- Born: August 23, 1921 Redondo Beach, California
- Died: January 30, 2011 (aged 89) Los Angeles, California
- Spouse: Anthony DeSoto
- Writing career
- Genre: Short story
- Subject: Japanese-American Culture Stories
- Notable works: Seventeen Syllables and Other Stories
- Notable awards: American Book Award, Lifetime Achievement.

= Hisaye Yamamoto =

American author (1921–2011)

Hisaye Yamamoto (山本 久枝, August 23, 1921 – January 30, 2011) was an American author known for the short story collection Seventeen Syllables and Other Stories, first published in 1988. Her work confronts issues of the Japanese immigrant experience in America, the disconnect between first and second-generation immigrants, as well as the difficult role of women in society.

==Background and career==
===Early life===
Yamamoto was born to Issei parents in Redondo Beach, California. Her generation, the Nisei, were often in perpetual motion, born into the nomadic existences imposed upon their parents by the California Alien Land Law. Yamamoto developed a strong passion for reading and writing from a young age, leading to the early publication of her work in Japanese-American newspapers. As a teen, her enthusiasm mounted as Japanese-American newspapers began publishing her letters and short stories. Many Issei immigrants were concerned with preserving their native language, while the interests of the Nisei tended more towards expressions of loyalty to the United States, most easily achieved through knowledge and application of the English language. As a result, the communication lines between Japanese parents and their children faced rapid degradation, hampering the preservation of traditional Japanese culture in America. Initially writing solely in English, Yamamoto's recognition of this language barrier and generational gap would soon become one of her primary influences.

===World War II and the internment of Japanese-Americans===
On December 7, 1941, Pearl Harbor was bombed by the Japanese Navy. Within four months of the bombing, Japanese-Americans numbering close to 120,000, two-thirds of whom were born on American soil, were forced by the U.S. Government into internment. Leaving homes, farms, and businesses abandoned, this forceful relocation movement contributed to a certain physical, social, and psychological uprooting that Yamamoto would repeatedly address in her work. Japanese women leading ephemeral lives in the United States often had no female confidants outside of the family. Despite significant hardships, Japanese-American women found solace in literature and poetry, which flourished within their communities. In a sense, as a response to the various forms of imprisonment and relocation faced by both Issei and Nisei women, be it jail, internment, poverty, gender, or even marriage, art became the only source of freedom in their lives.

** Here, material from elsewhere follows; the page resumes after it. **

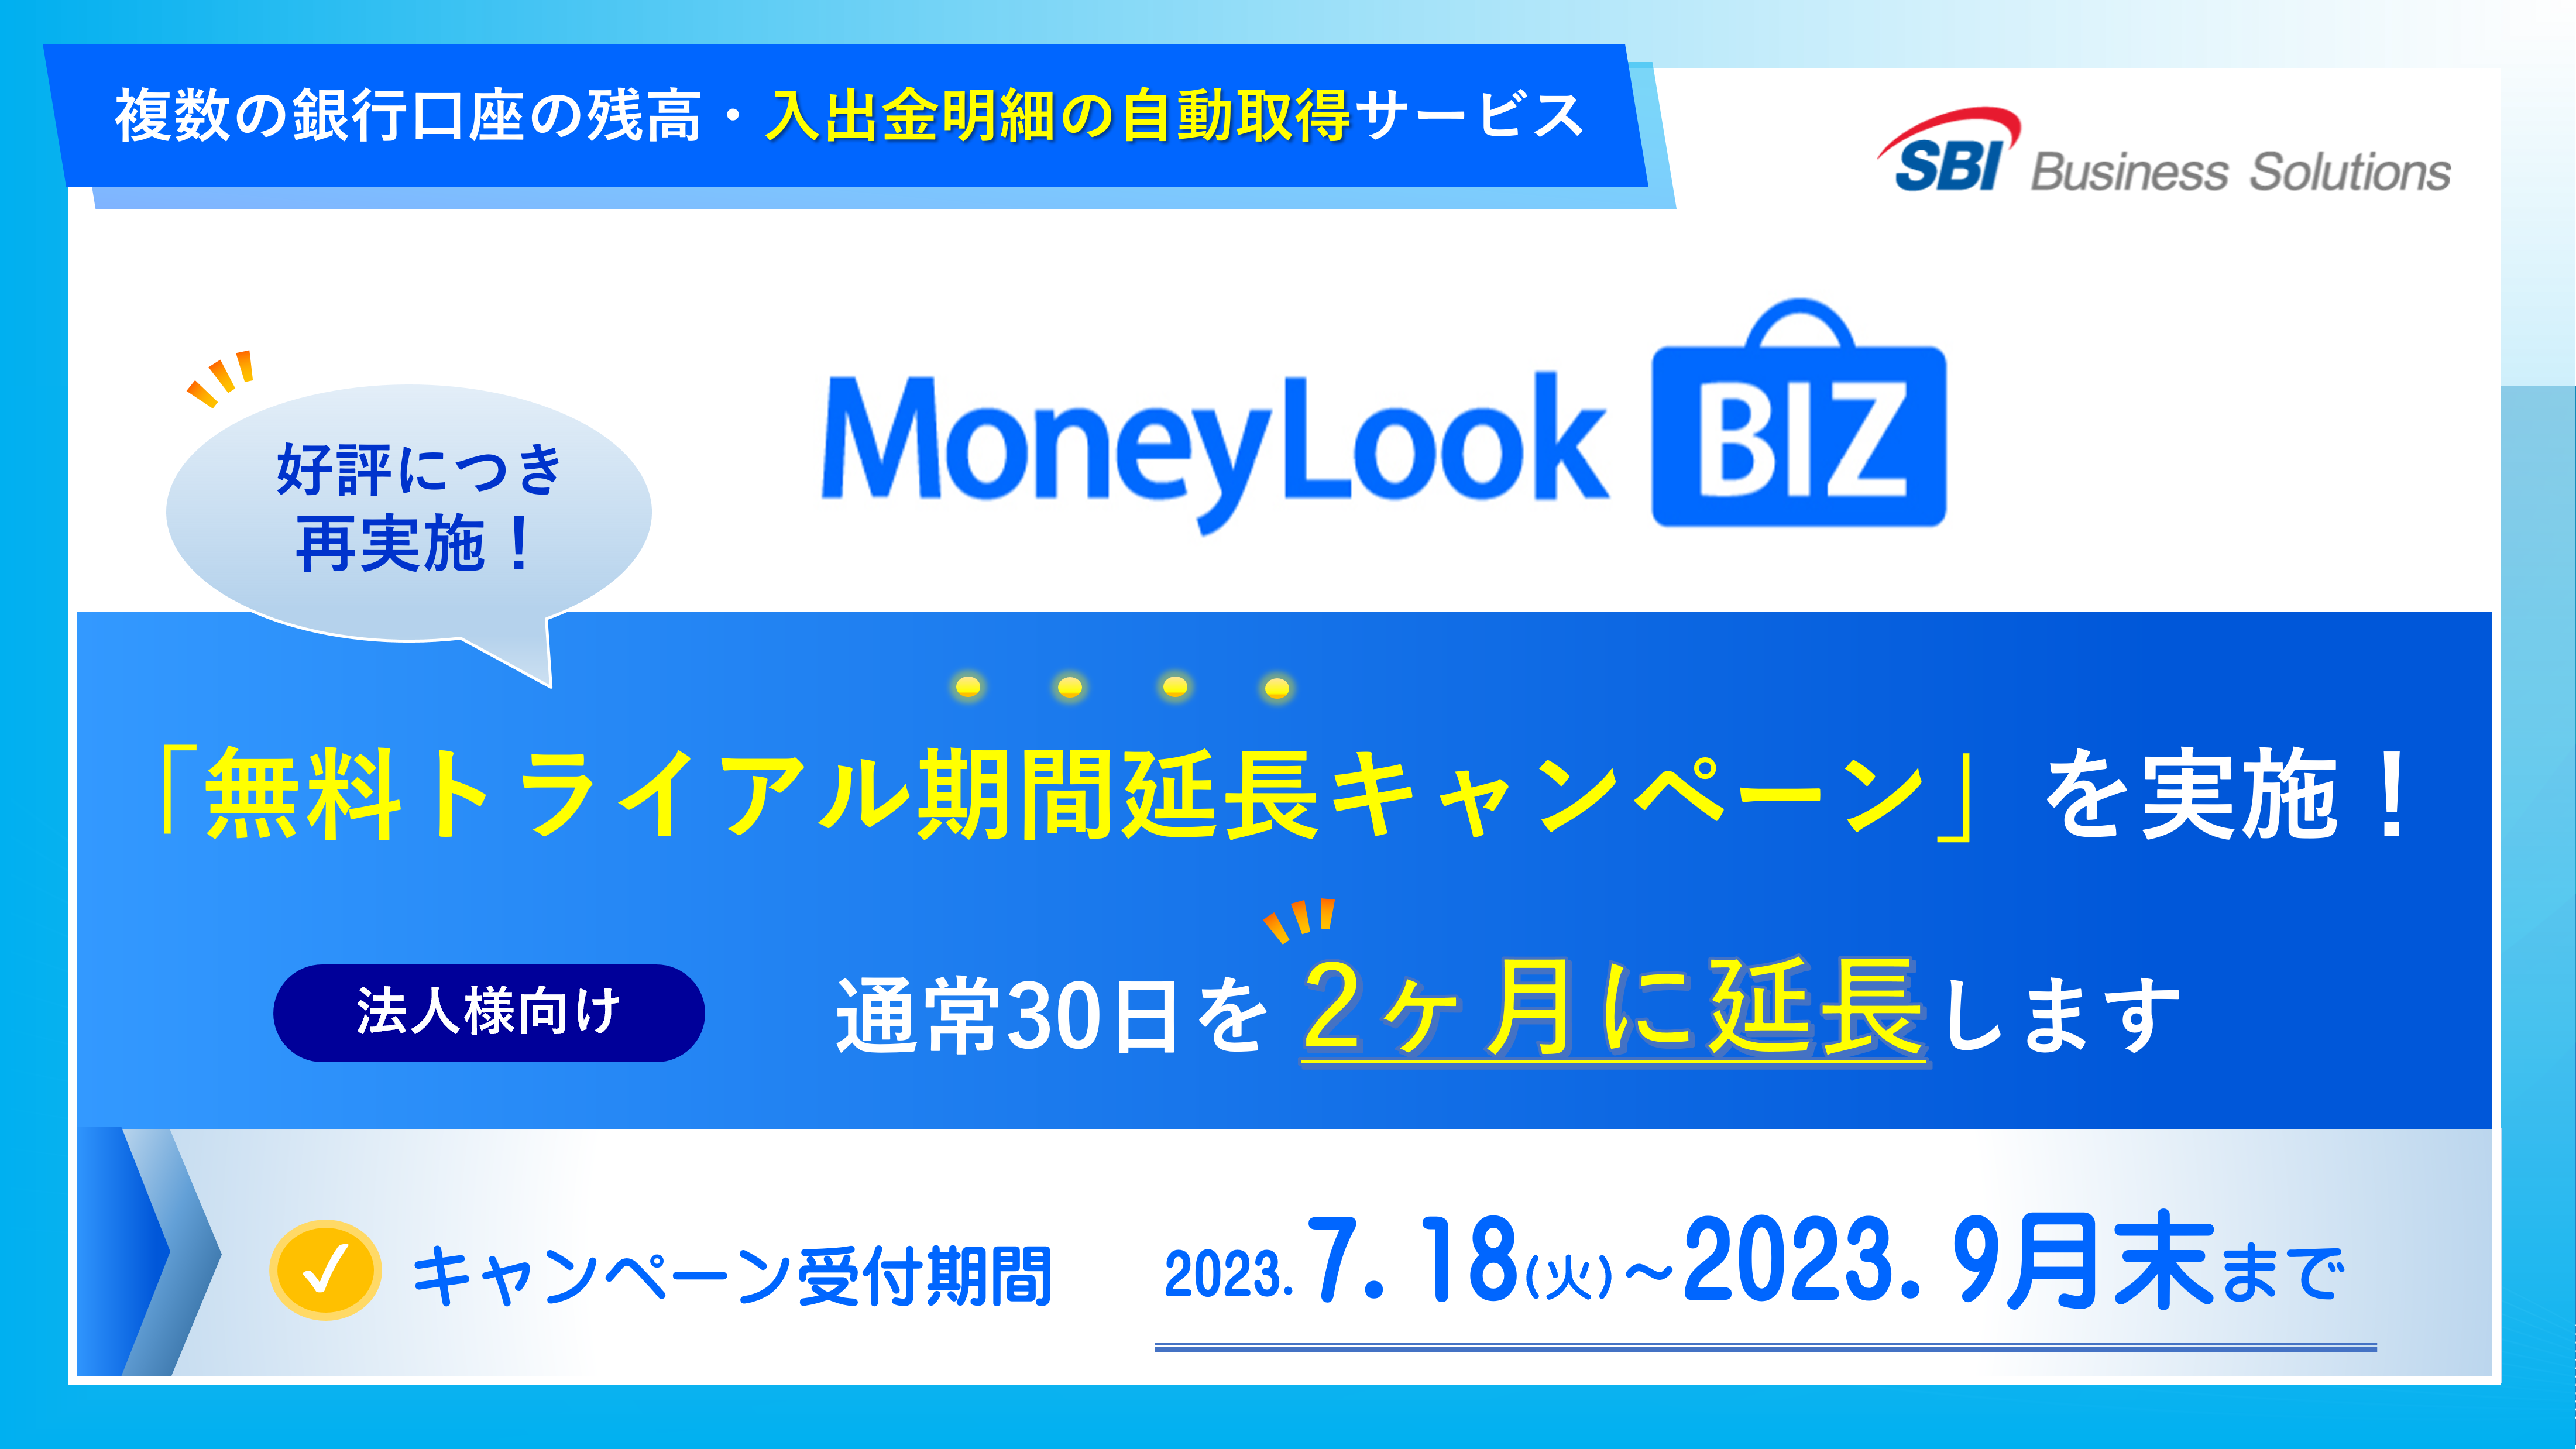 銀行入出金明細自動取得サービス「MoneyLook BIZ」、好評につき無料

Yamamoto was twenty years old when her family was placed in the internment camp in Poston, Arizona. She had two brothers, one of whom was killed in combat fighting for the United States army during her family's internment. In an effort to stay active, Yamamoto began reporting for the Poston Chronicle, the camp newspaper. She started by publishing her first work of fiction, Death Rides the Rails to Poston, a mystery that was later added to Seventeen Syllables and Other Stories, followed shortly thereafter by a much shorter piece entitled Surely I Must be Dreaming. She briefly left the camp to work in Springfield, Massachusetts, but returned when her brother died while fighting with the U.S. Army's 442nd Regimental Combat Team in Italy. The three years that Yamamoto spent at Poston profoundly impacted all of her writing that followed.

===Life after the war===
World War II came to an end in 1945, closing the internment camps and releasing their detainees. Yamamoto and her family returned to California, this time in Los Angeles, where she began working for the Los Angeles Tribune. This weekly newspaper, intended for African American audiences, employed Yamamoto primarily as a columnist, but also as an editor and field reporter. Having spent three years isolated by internment, these next three spent working for the Tribune allowed Yamamoto to explore some of the intricacies of racial interaction in the United States separate from those experienced first-hand in the internment camp. Yamamoto’s work, influenced by her experiences at the Los Angeles Tribune, explored racial dynamics that resonated with a diverse readership beyond the Japanese-American community.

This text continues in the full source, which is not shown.